After the two months has elapsed UCB could appeal to the Patent Trial and Appeal Board. However the standard here is the de-novo patent standard. The situation is as if Vimpat had its original patent comprehensively rejected and it has to appeal to a court against the scientist/reviewers at the Patent Office. The courts are usually pretty deferential to the examiners at the Patent Office on the basis that they have the disinterested expertise to assess patents.
In this case Johnny Railey was the examiner and he is amongst the most experienced biotech patent examiners in the US. You can find his linked in CV here. You can find a very extensive list of patents in which he was the examiner here.
Appeals of this kind almost always fail. As Johnny Railey is amongst the most experienced patent examiners the chance of an appeal succeeding is even lower.
For practical purposes the Vimpat patent is almost certainly dead - and UCB's much ballyhooed growth strategy will die with it.
I am surprised at the lack of a management press release.

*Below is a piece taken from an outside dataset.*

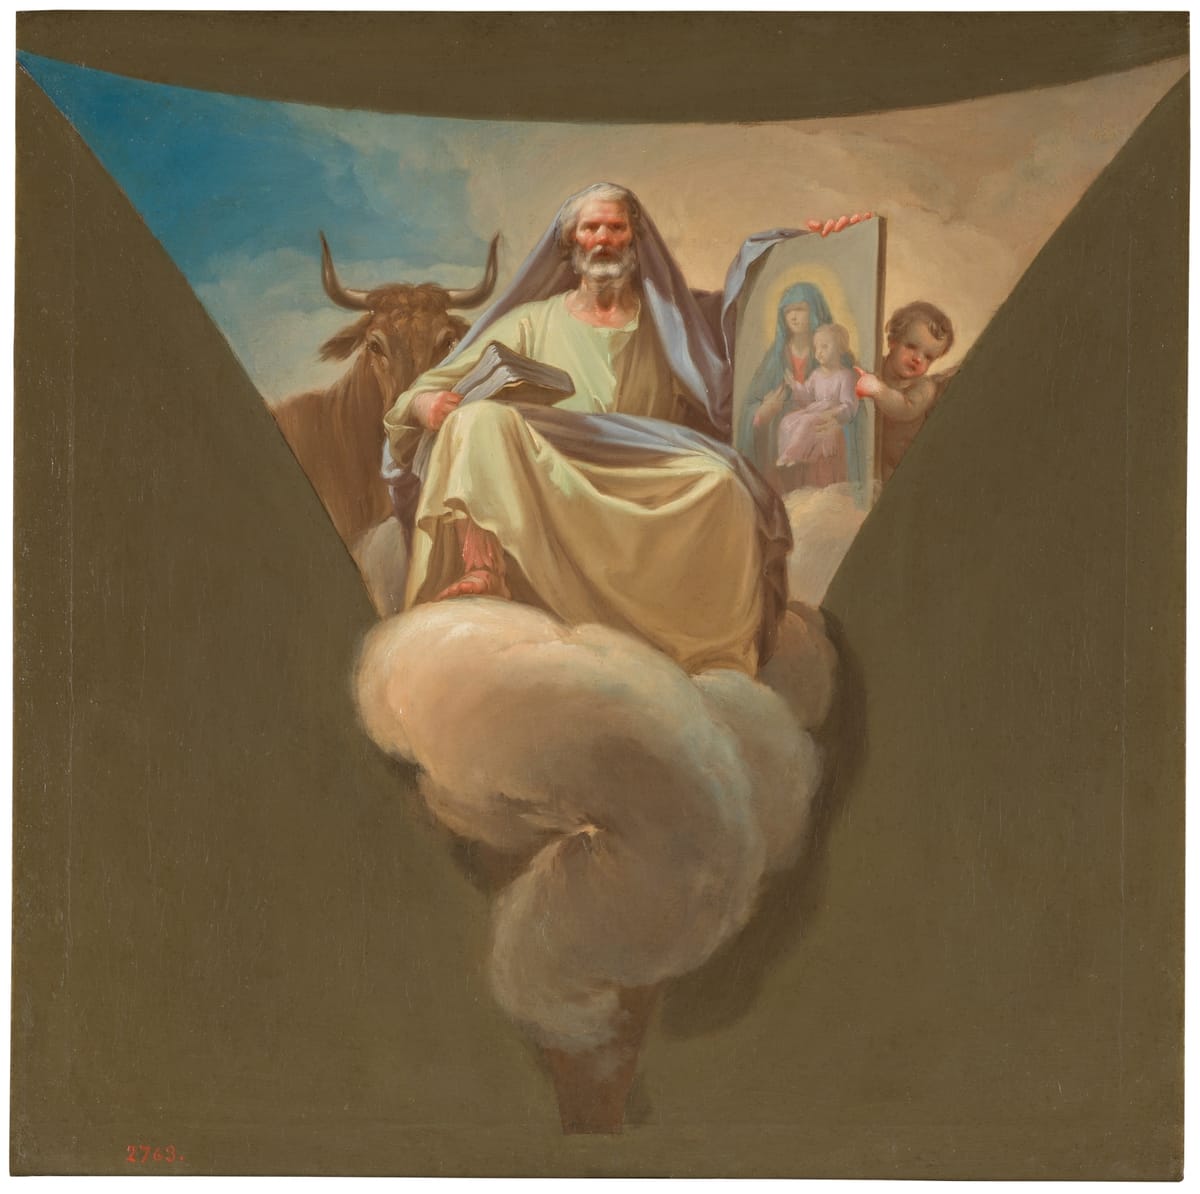 Saint Luke (1771) by Bayeu, Francisco - Public Domain Catholic Painting

UCB has press released interim victories in District Court against commercial claimants on the Vimpat patent.
Their IR officers have been willing to give up-to-date reports of the (mostly) favourable commercial disputes they have.
But there is not a word here that their (new) dispute is with the US Government and the default position from here (statistically likely to be upheld) is that they will lose their patent in its entirety.
Not disclosing a business-critical dispute with the US Government is strange.
Whatever: shareholders should ask themselves how other European companies have prevailed in dispute with the US Government.